For me this shows that it is a very viable option for young female cancer sufferers. For many of these women there is no time to wait to collect eggs to make embryos. The frozen tissue can be kept as long as needed (in the Belgian case 7 years). Many people have already had such tissue collected and so are now in a position to wait until the procedure is refined enough to have it re-implanted successfully.

If my own daughters got into such a situation I know very well what I'd advise them to do!​



OK, I HAD to get back in on this!!! I am speaking from my own experience as a young cancer survivor - recent experience.

(1) Because a procedure has been successsfully performed a few times does not mean it is currently a viable option. I knew ovarian tissue reimplantation had been performed successfully - but would you REALLY want someone performing a procedure on you that they had never performed on anyone else - assuming that they would even agree to it? In the US, in world-class hospitals in the Boston area, as of early 2004, this was NOT considered a viable option. I agree completely with lost in space on this.

(2) When my parents found out that their daughter had been diagnosed with a high-grade cancer requiring chemotherapy, NO ONE was thinking about grandkids - they were thinking about keeping me alive. I really think someone would have gone off the deep end if I'd told them I was eschewing chemo for a little while to fly off to Belgium and see if some doctor I knew nothing about (other than the fact that they had performed the aforementioned procedure with successful results on one occasion) would help me out with future fertility.

(3) Please note that in young women diagnosed with breast cancer (one relatively common reason that young women have chemo), there is often concern about a genetic mutation that is associated with ovarian cancer, as well.

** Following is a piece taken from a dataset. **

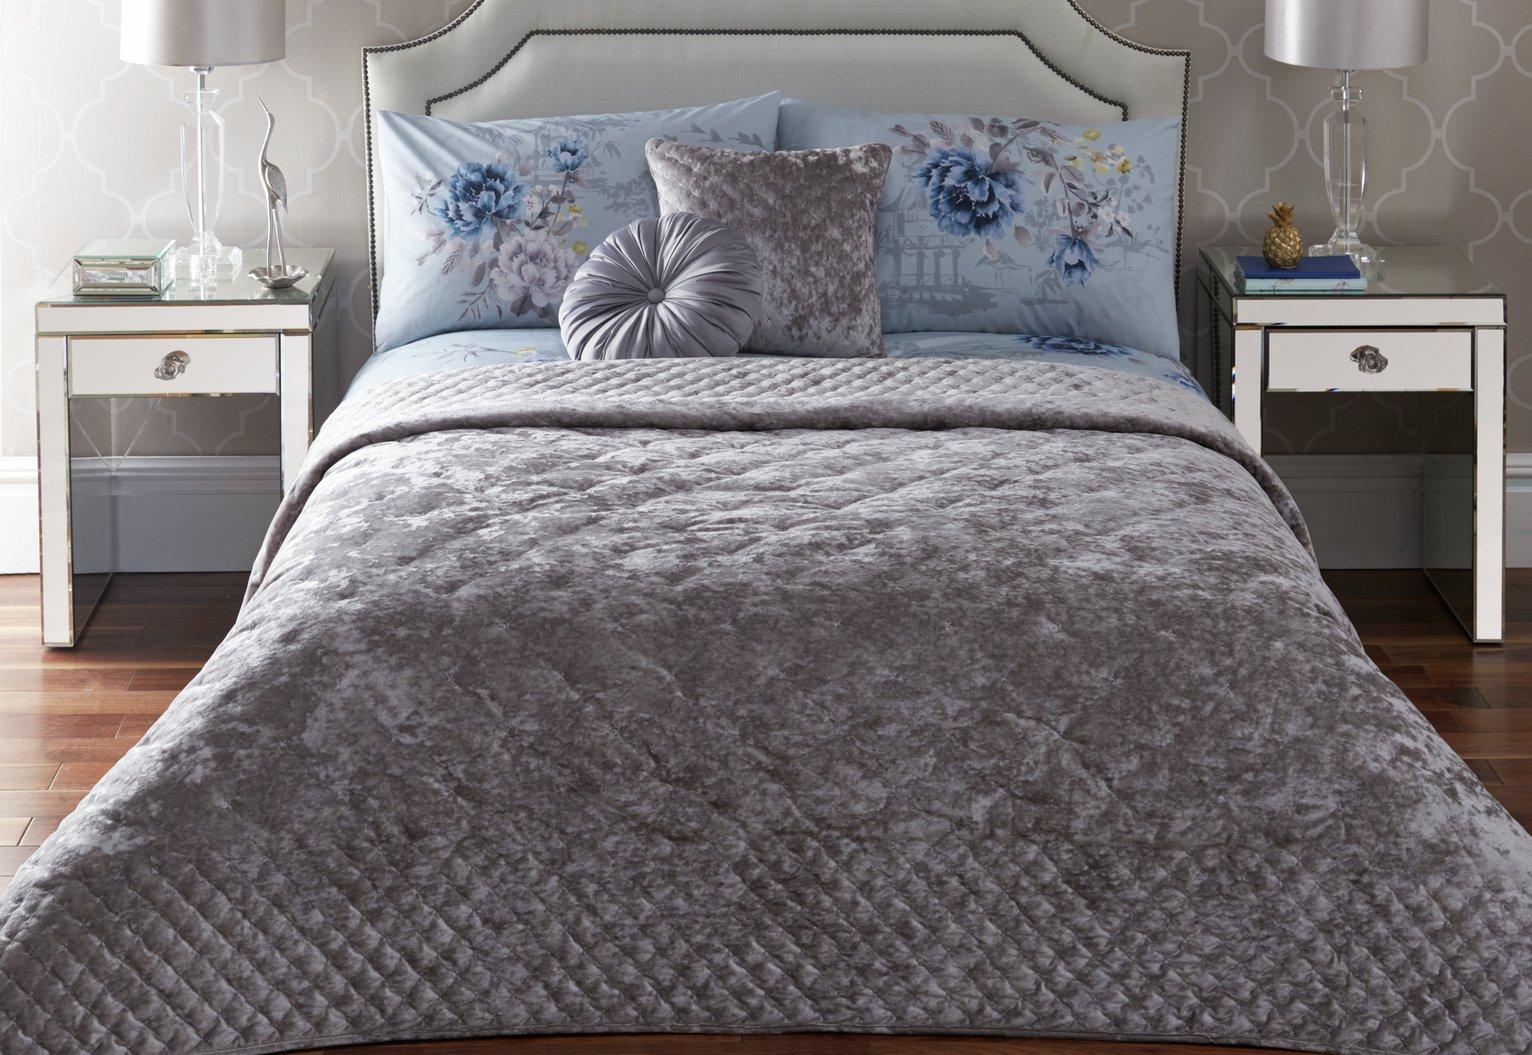 Image of Appletree Kori Bedspread - Silver
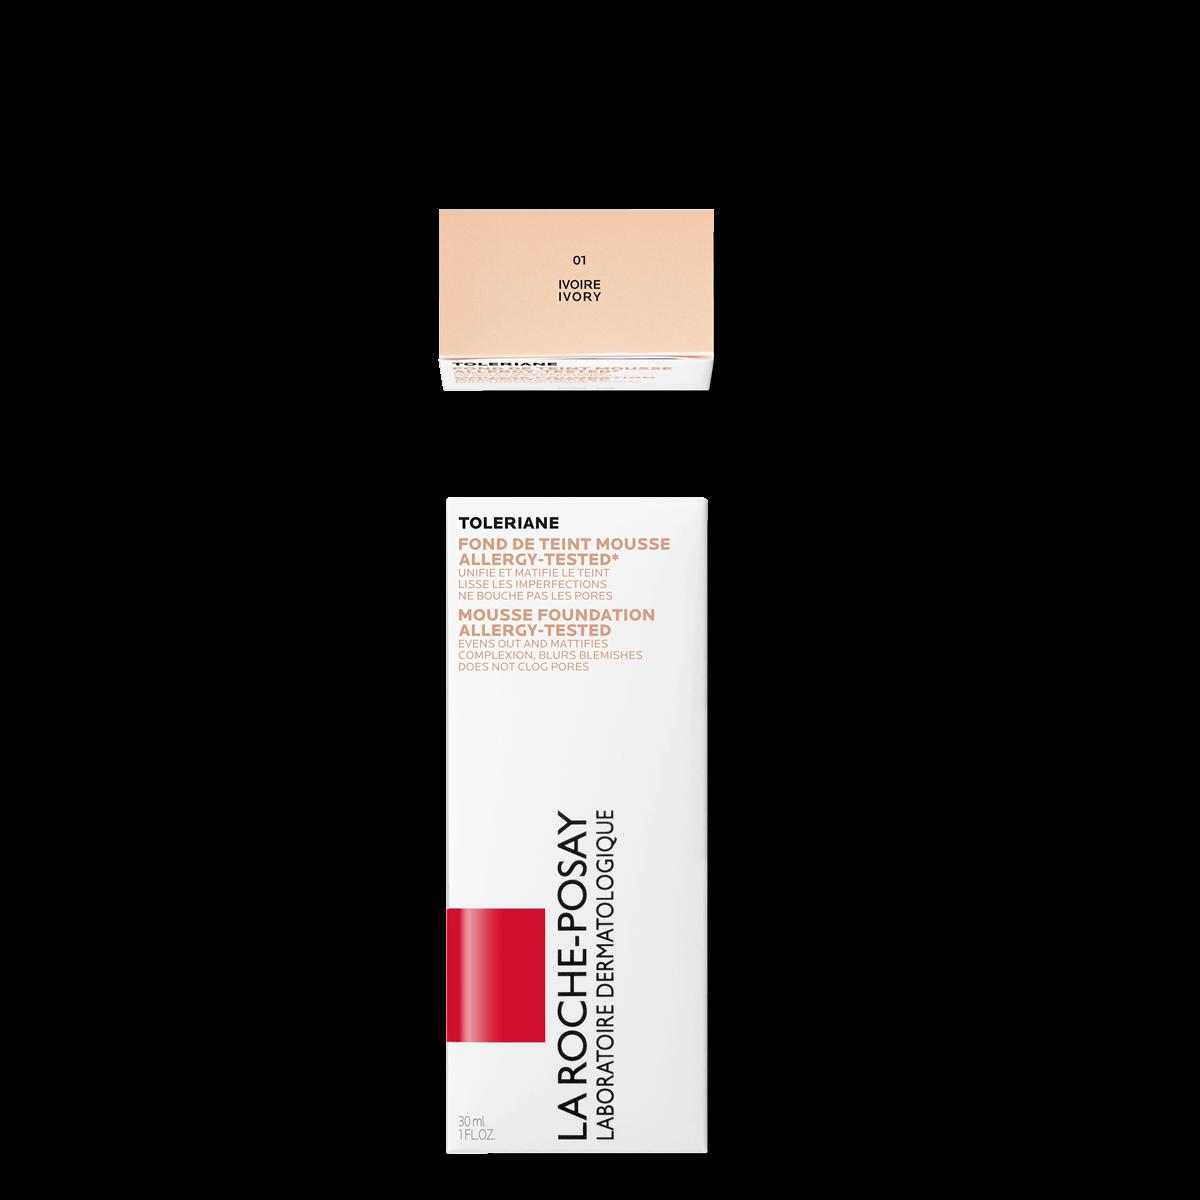 La Roche Posay Sensitive Toleriane Make up MOUSSE FOUNDATION 01IVORY 3

Not only am I not encouraged to get pregnant, I have been asked to strongly consider having my ovaries taken out!

That said, I know many young women in my position for whom having a child was one of their priorities - and they thought all their options over very carefully over time. I do have friends who froze embryos and had IVF. I do have friends who conceived naturally after chemo. However, for most of these women and their families, this was a decision made over time and with a lot of thought and consultation with oncologists and fertility specialists. Can we please not make light of this situation by saying what we know we'd do? With respect (and the admission that I know nothing at all about anyone but myself), until we've been there, we don't know WHAT we'd do.

I am sorry of this is offensive - I am not meaning it that way. However, this subject is very personal to me, and I think people need to understand that it isn't a snap decision in most cases.